## Problem to work on
Leave every image behind and restate the data word for word.

## Information shown
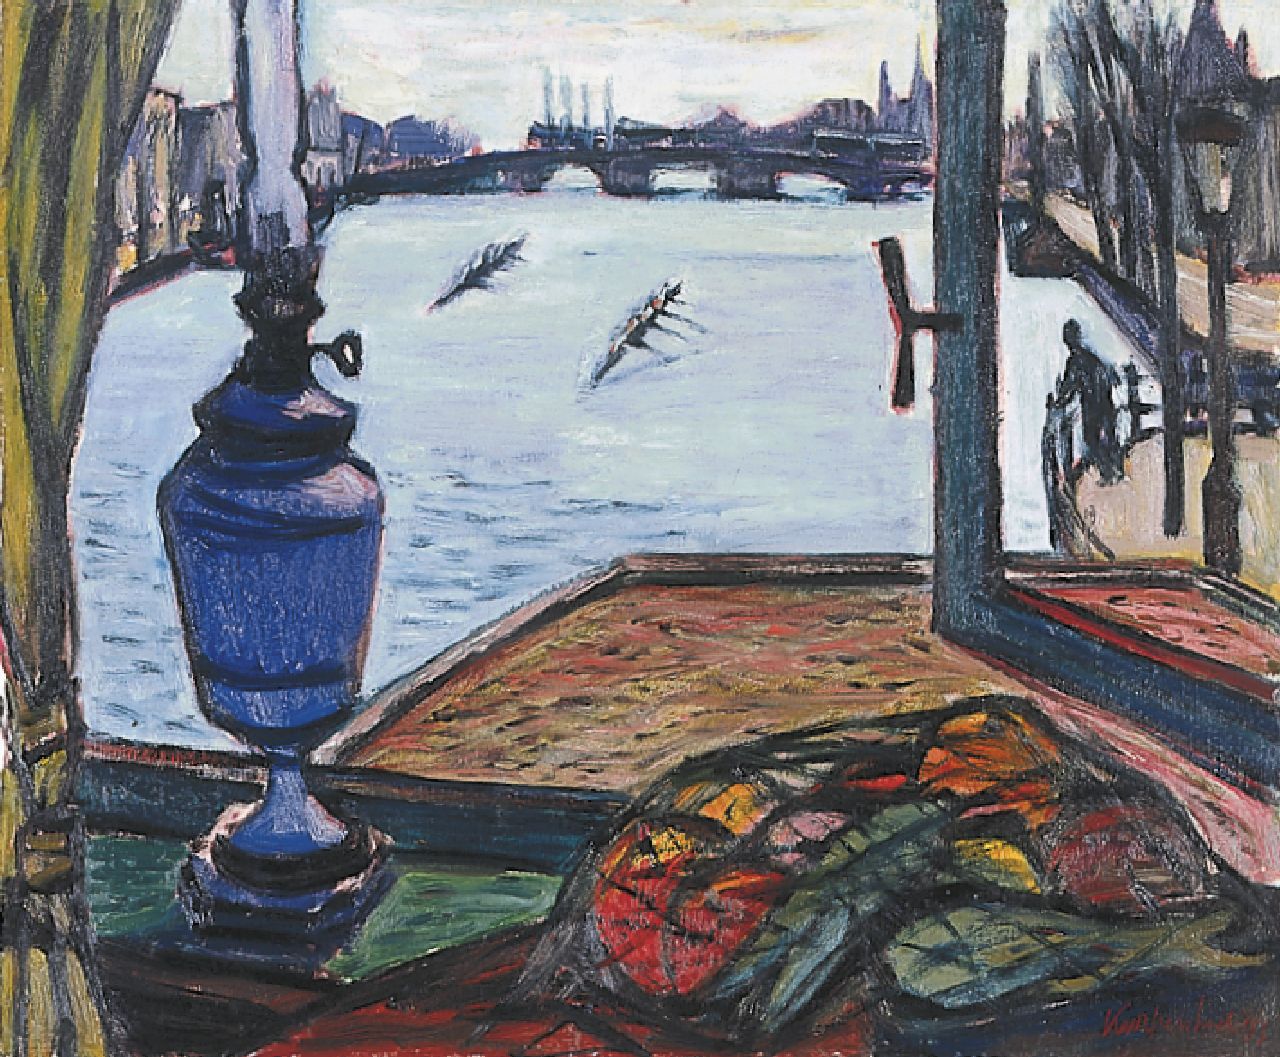 Kurpershoek T.L.  | Theodorus Lambertus 'Theo' Kurpershoek, Boat race on the Amstel, Amsterdam, oil on canvas 50.1 x 60.0 cm, signed l.r. and dated '53
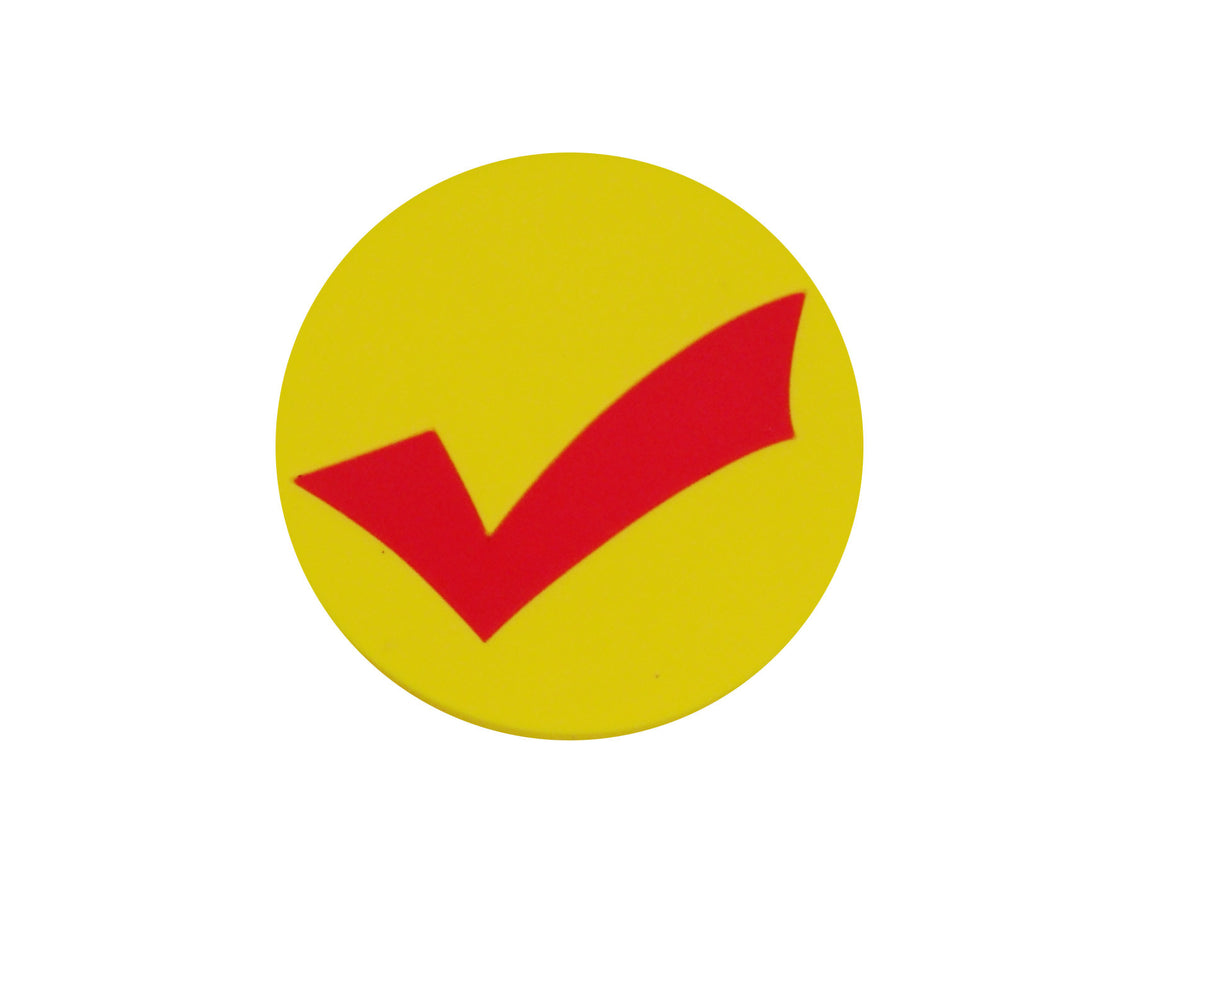 yellow check mark
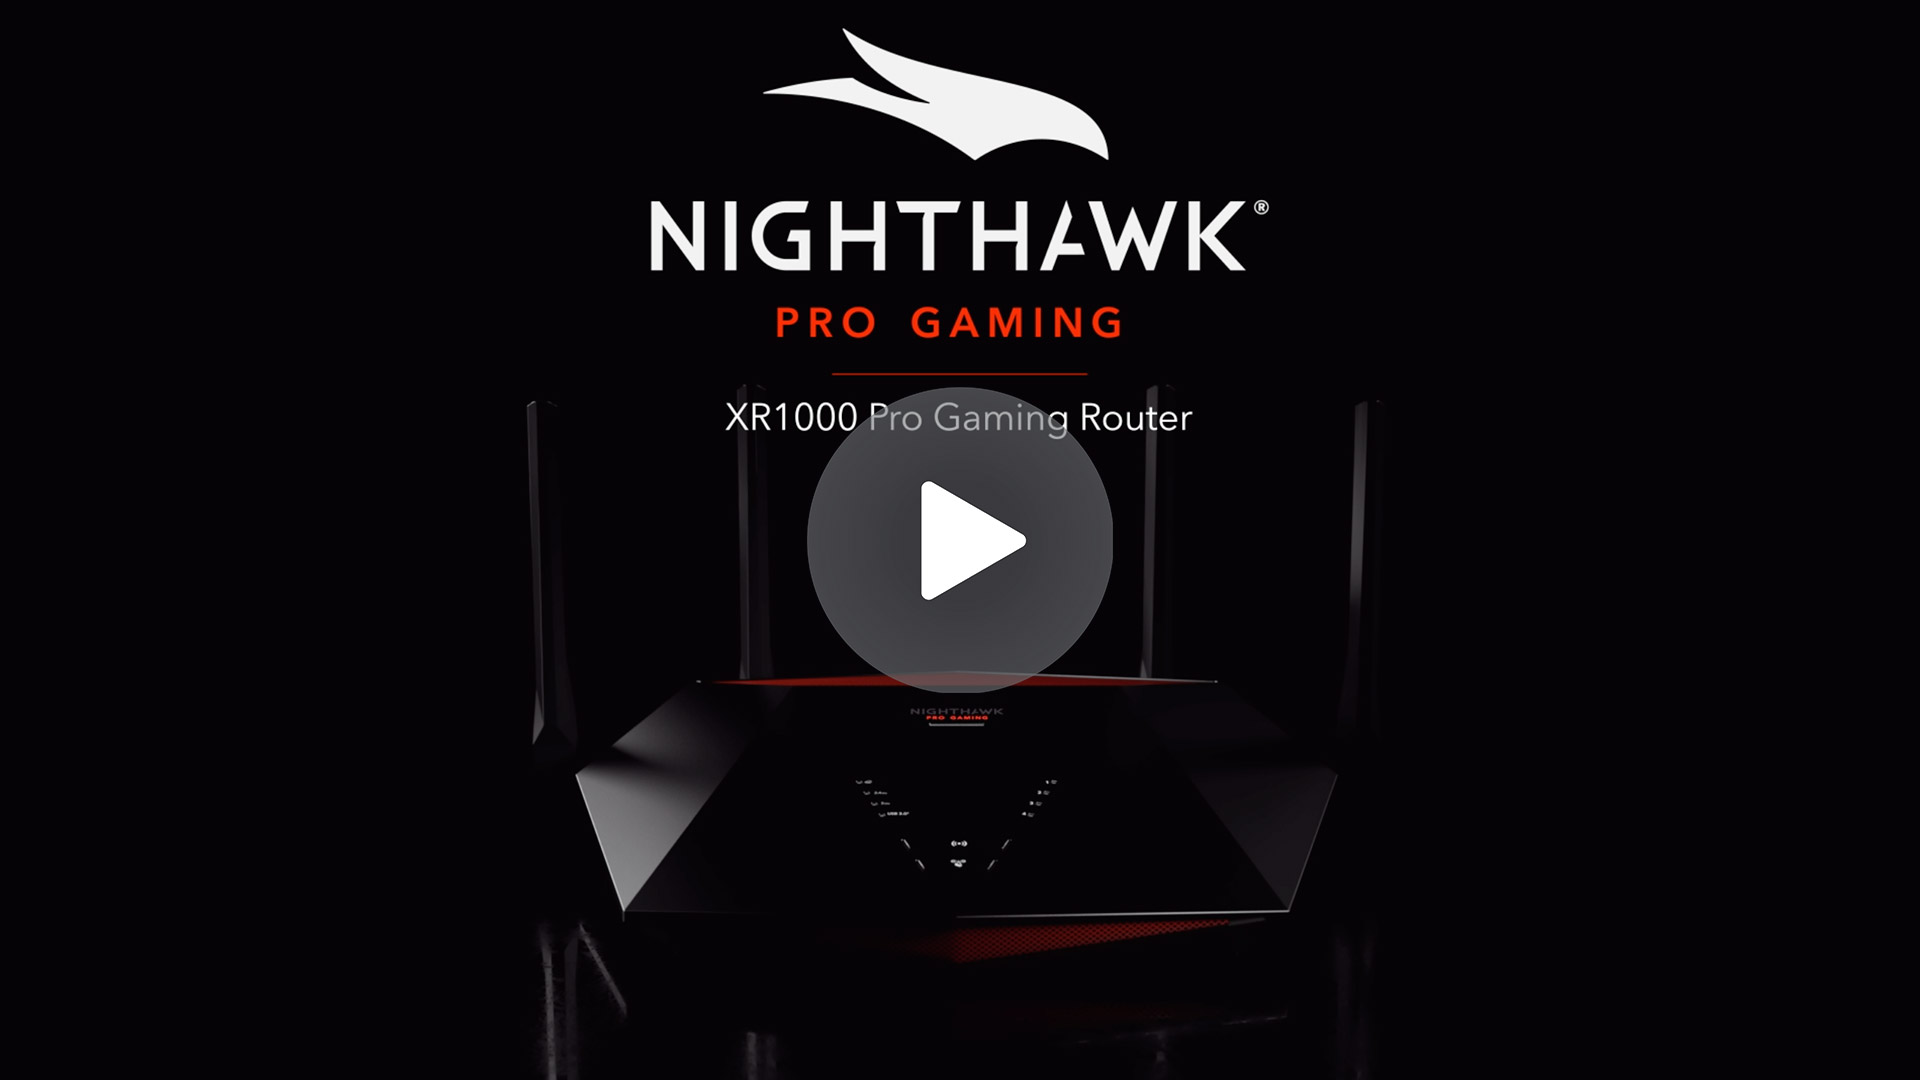 Introducing the Nighthawk Pro Gaming XR1000

## Written solution
 Kurpershoek T.L.  | Theodorus Lambertus 'Theo' Kurpershoek, Boat race on the Amstel, Amsterdam, oil on canvas 50.1 x 60.0 cm, signed l.r. and dated '53
 yellow check mark
 Introducing the Nighthawk Pro Gaming XR1000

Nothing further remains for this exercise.